US conservative Christians and science advocates are clashing again, this time in Tennessee over a bill that would allow debate in public schools over theories like evolution.
Lawmakers from the southeastern US state, home to a strong base of ultraconservative “Tea Party” activists, have approved the bill, which now awaits the signature of Tennessee Governor Bill Haslam, a Republican.
The measure, which could pass by today’s deadline, would allow public schoolteachers to challenge accepted science on topics such as climate change and evolution in their classrooms without facing sanctions.
If it passes, Tennessee would join nine other states with similar laws promoting creationism, more or less explicitly.
Critics have labeled the legislation the “Monkey Bill” in reference to the highly publicized 1925 “Scopes Monkey Trial” in which Tennessee charged high school science teacher John Scopes of violating a state law against teaching “that man has descended from a lower order of animals.”
The Tennessee Science Teachers Association and the state chapter of the American Civil Liberties Union (ACLU) rights group, the measure’s biggest critics, are calling for Haslam to veto it. They say it would provide legal cover for educators to teach pseudoscientific ideas.

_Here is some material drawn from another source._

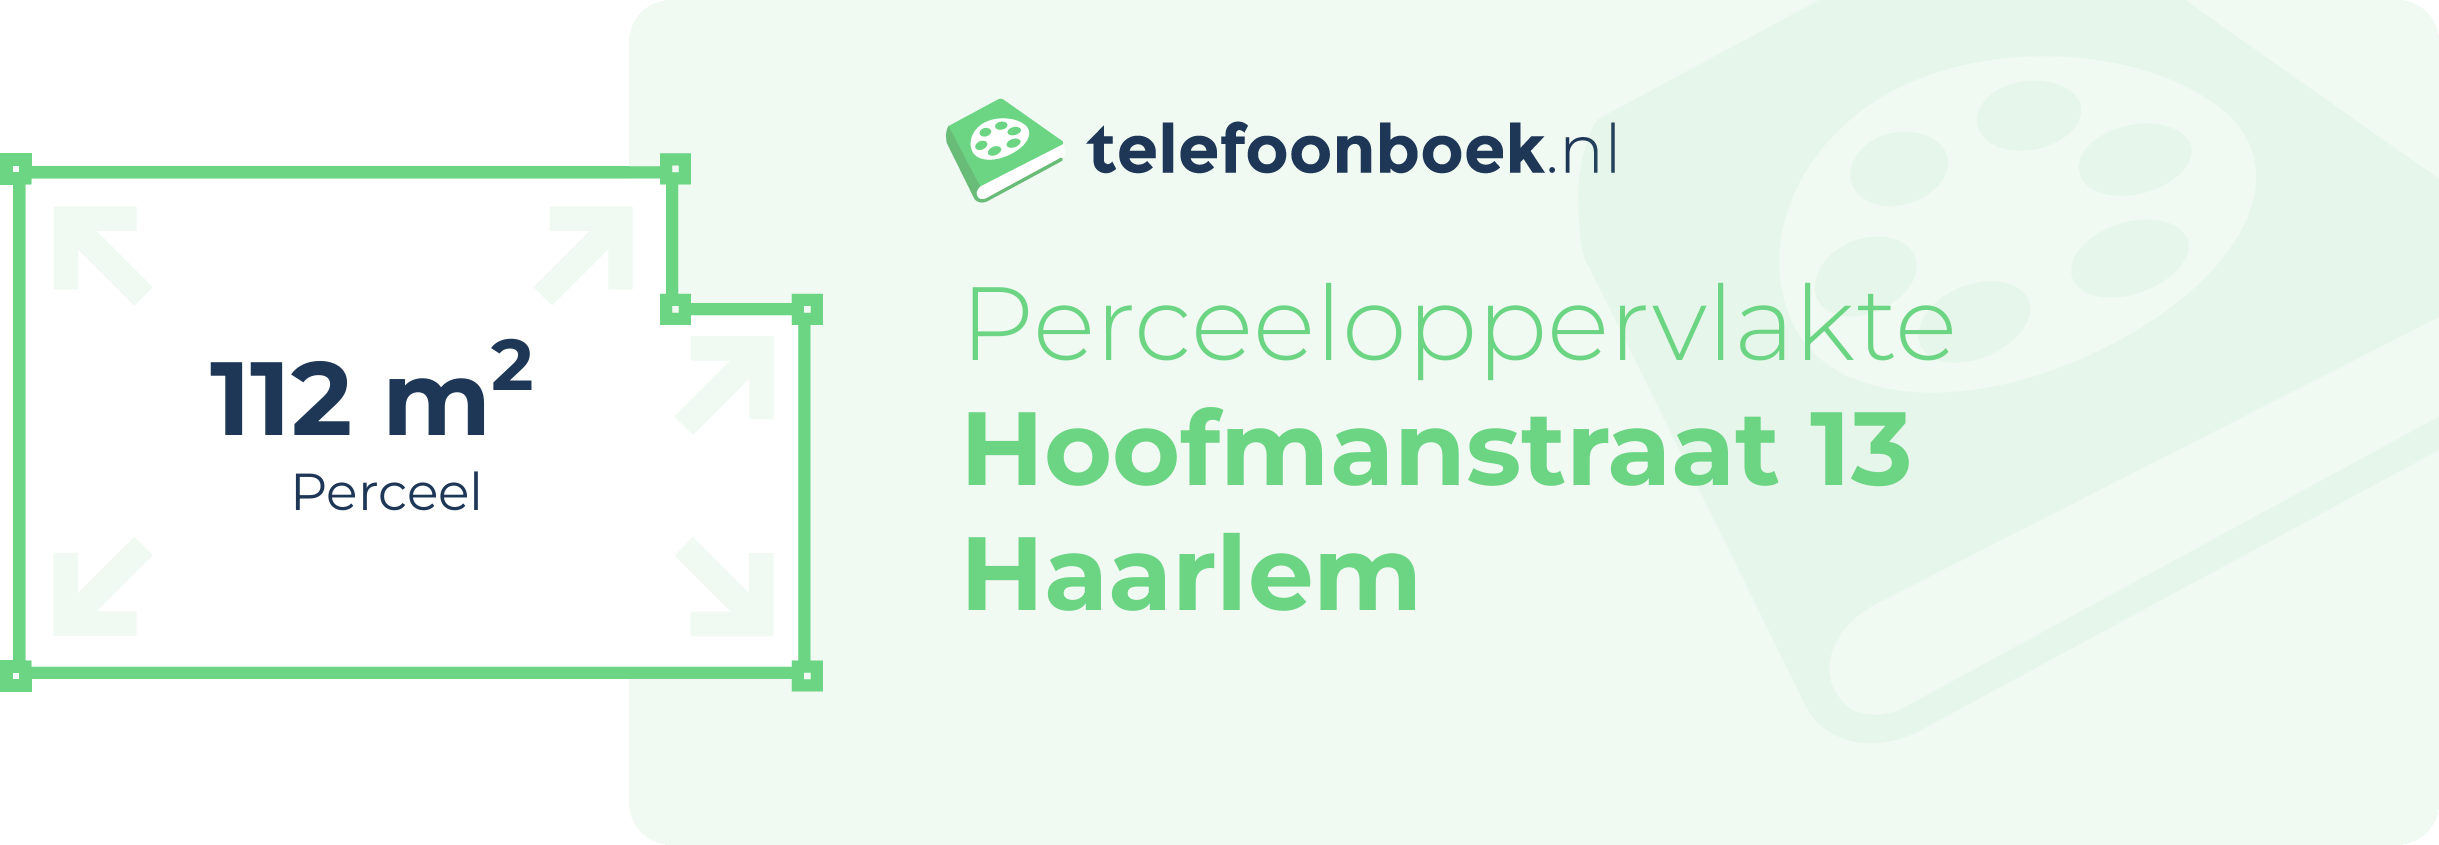 Perceeloppervlakte Hoofmanstraat 13 Haarlem

“They are not talking that much about creationism, but rather about Intelligent Design,” said Hedy Weinberg, executive director of the ACLU’s Tennessee branch. “It’s a very nuanced and clever way ... to challenge the theory of evolution and allow teachers to inject Intelligent Design and neo-creationism.”
“Intelligent Design” is the idea that scientific evidence can show that life forms developed under the direction of a higher intelligence.
The measure states that “teachers shall be permitted to help students understand, analyze, critique and review in an objective manner the scientific strengths and scientific weaknesses of existing scientific theories covered in the course being taught.”
It also says the legislation “shall not be construed to promote any religious or non-religious doctrine.”
In a letter to lawmakers, the Tennessee members of the National Academy of Sciences argued that the bill would “miseducate students, harm the state’s national reputation and weaken its efforts to compete in a science-driven global economy.”
The Tennessee Education Association, meanwhile, blasted the “unnecessary legislation.”
However, Haslam has already indicated he would “probably” sign the measure into law.
The Discovery Institute, whose model legislation inspired the bill, hailed the passage of a text that “promotes good science education by protecting the academic freedom of science teachers to fully and objectively discuss controversial scientific topics, like evolution.”
Based in Seattle, the group backs the teaching of alternatives to evolution in public schools and supports research into Intelligent Design, a form of creationism.
The creationist offensive is part of a long-running battle in a country, where only one-quarter of the population believes wholeheartedly in evolution, between advocates of non-religious teachings in public schools and conservative Christians who say man is a divine creature not descended from apes.
It was not before 1968 that the US Supreme Court ruled it was unconstitutional, based on the separation of church and state, to teach anti-evolution principles.
And in 1987, the high court said that mandatory teaching of creationism was against the Constitution because any such law intended to advance a particular religion.